Actioneer — Harness Design Beats Model Scale: How Actioneer Achieves State-of-the-Art Accuracy at Lower Cost

By Sashank Vandrangi, Co-Founder & CPTO, Actioneer — June 2026

Frontier model inference costs have not fallen at the rate the industry anticipated. Provider endpoints have experienced meaningful reliability variation. And the operational reality for enterprise AI teams is increasingly that model selection decisions carry both accuracy and cost consequences that compound at scale. Against this backdrop, the question of where frontier intelligence is genuinely required and where it represents unnecessary spend has moved from a theoretical concern to a practical one.

Actioneer's approach to this problem is architectural. Rather than selecting a single model and applying it uniformly across every reasoning step in a data analysis workflow, we designed a harness that decomposes each task into distinct cognitive sub-tasks, assigns each sub-task to the model configuration that performs best on it, and maintains explicit controls against the failure modes that cause single-model systems to degrade on hard enterprise queries.

This post reports the results of running that harness across four benchmarks spanning multi-step analytical reasoning, schema exploration, pipeline construction, and curated enterprise problems.
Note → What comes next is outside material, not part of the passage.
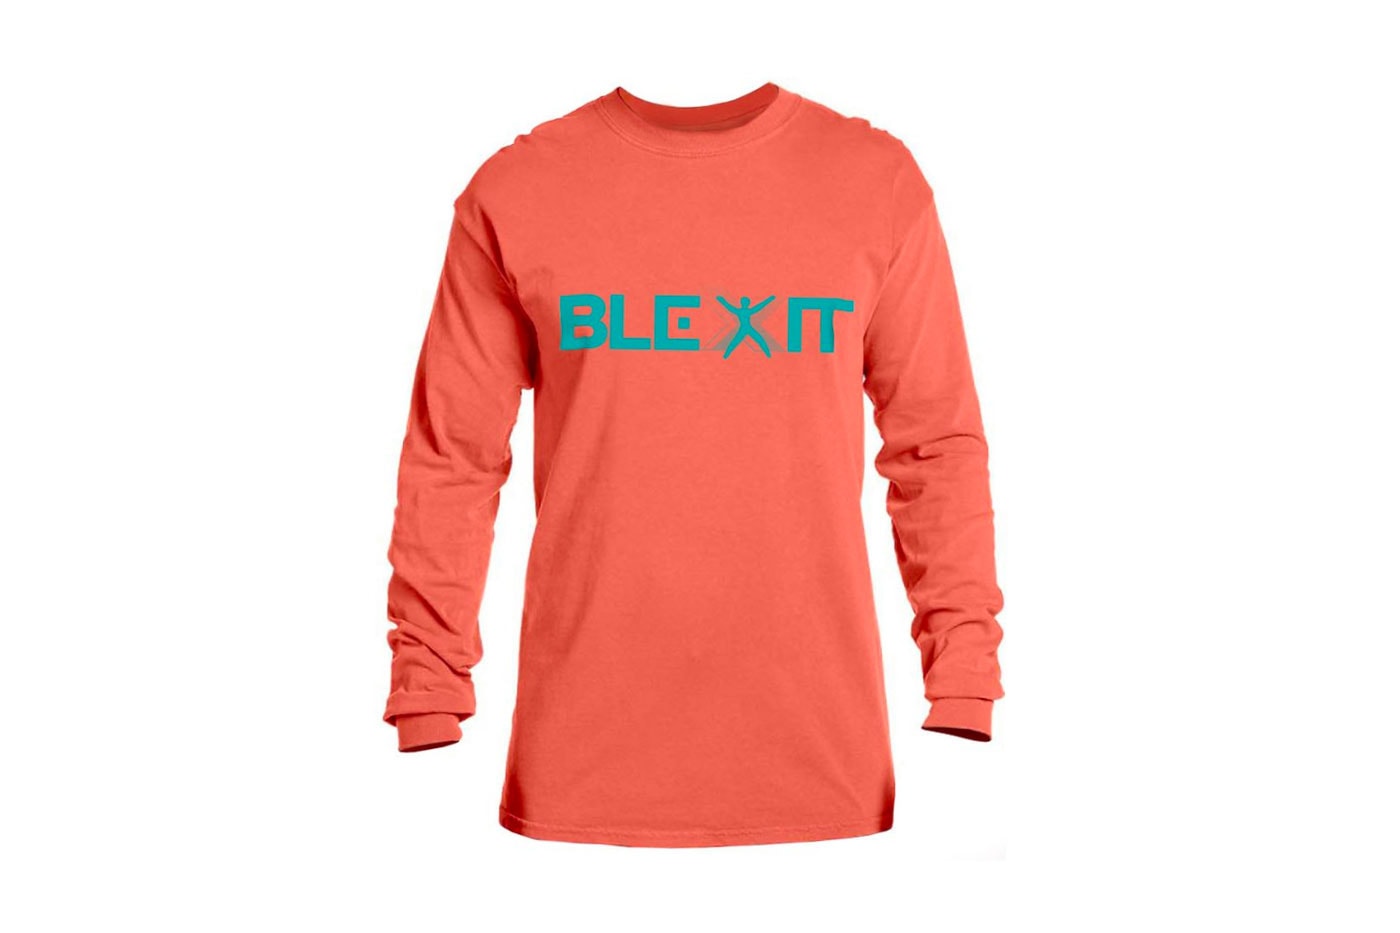 Kanye West Designs "Blexit" Merchandise black exit from democratic party candace owens republican controversial politics american usa president donald trump
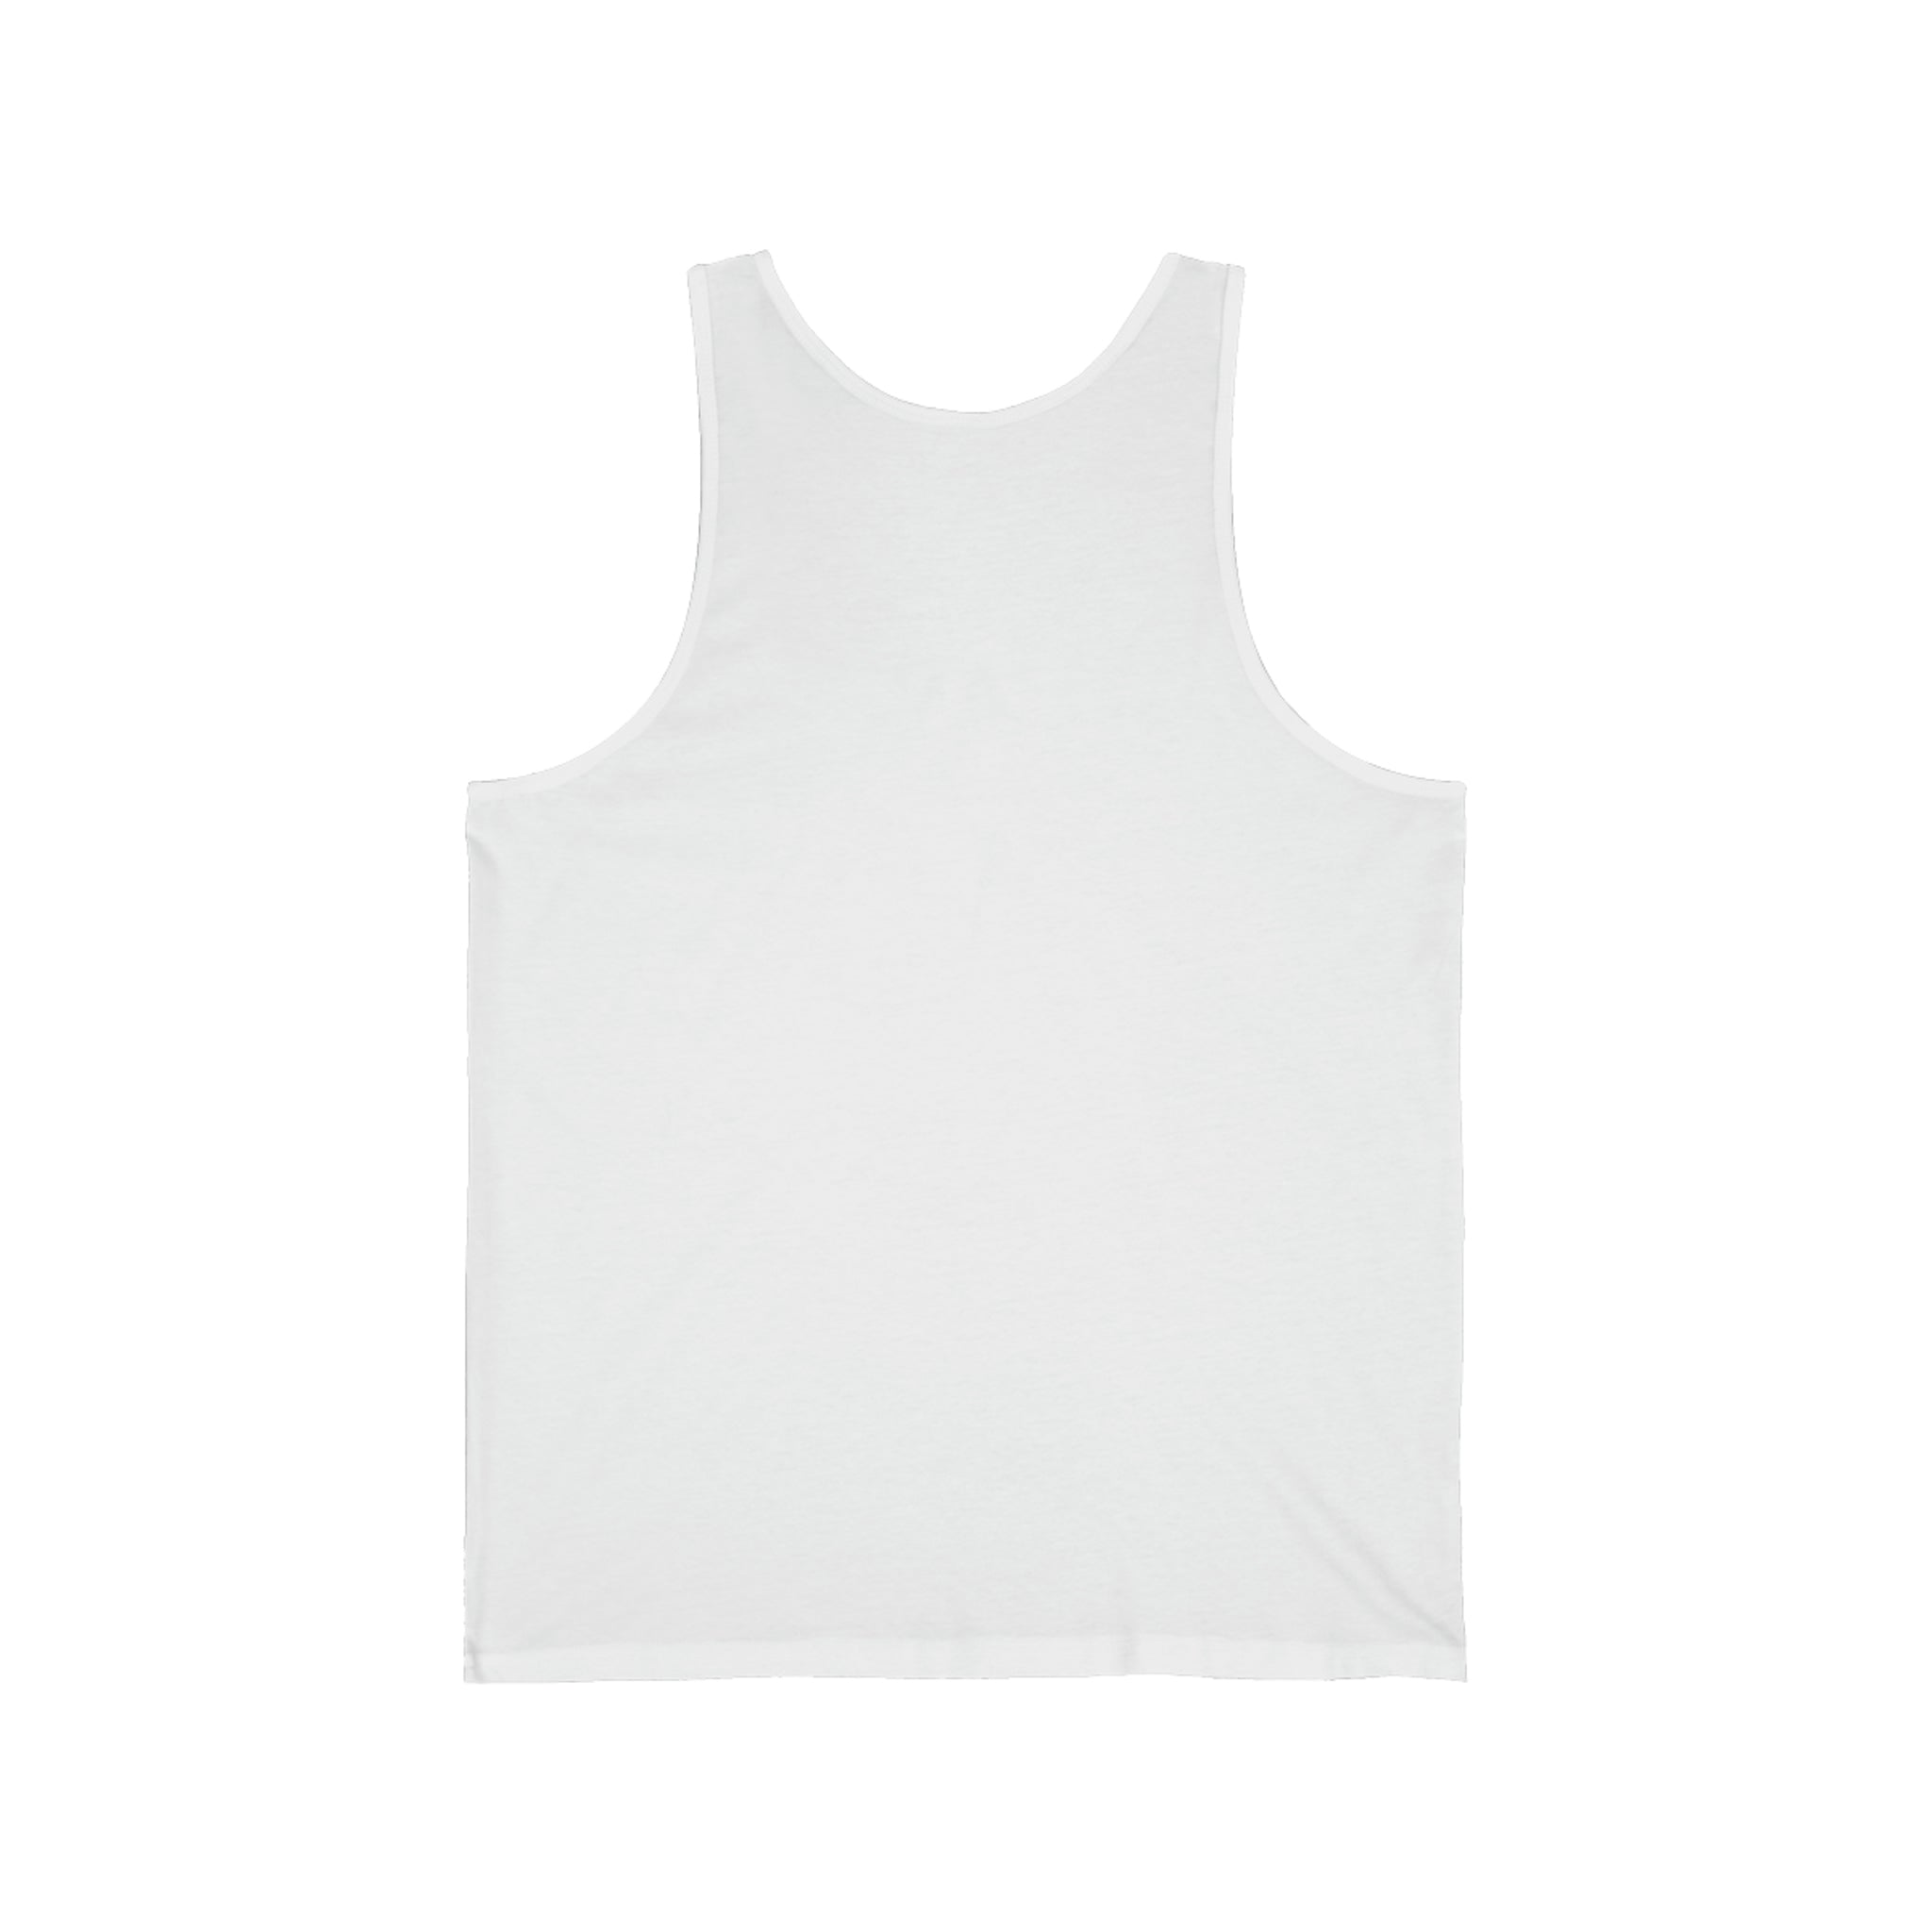 Limited Edition Unisex Jersey Tank

The findings are consistent: role-separated architecture with asymmetric model assignment outperforms monolithic frontier deployment on both accuracy and cost per correct answer.

The Problem with Uniform Model Application

Enterprise data analysis workflows are not cognitively uniform. A task that requires precise interpretation of a company-specific metric definition is a fundamentally different cognitive operation from the code generation that implements that interpretation. Treating both as equivalent, and routing both through the same frontier model in the same context window, introduces interference between the two that degrades performance on both dimensions.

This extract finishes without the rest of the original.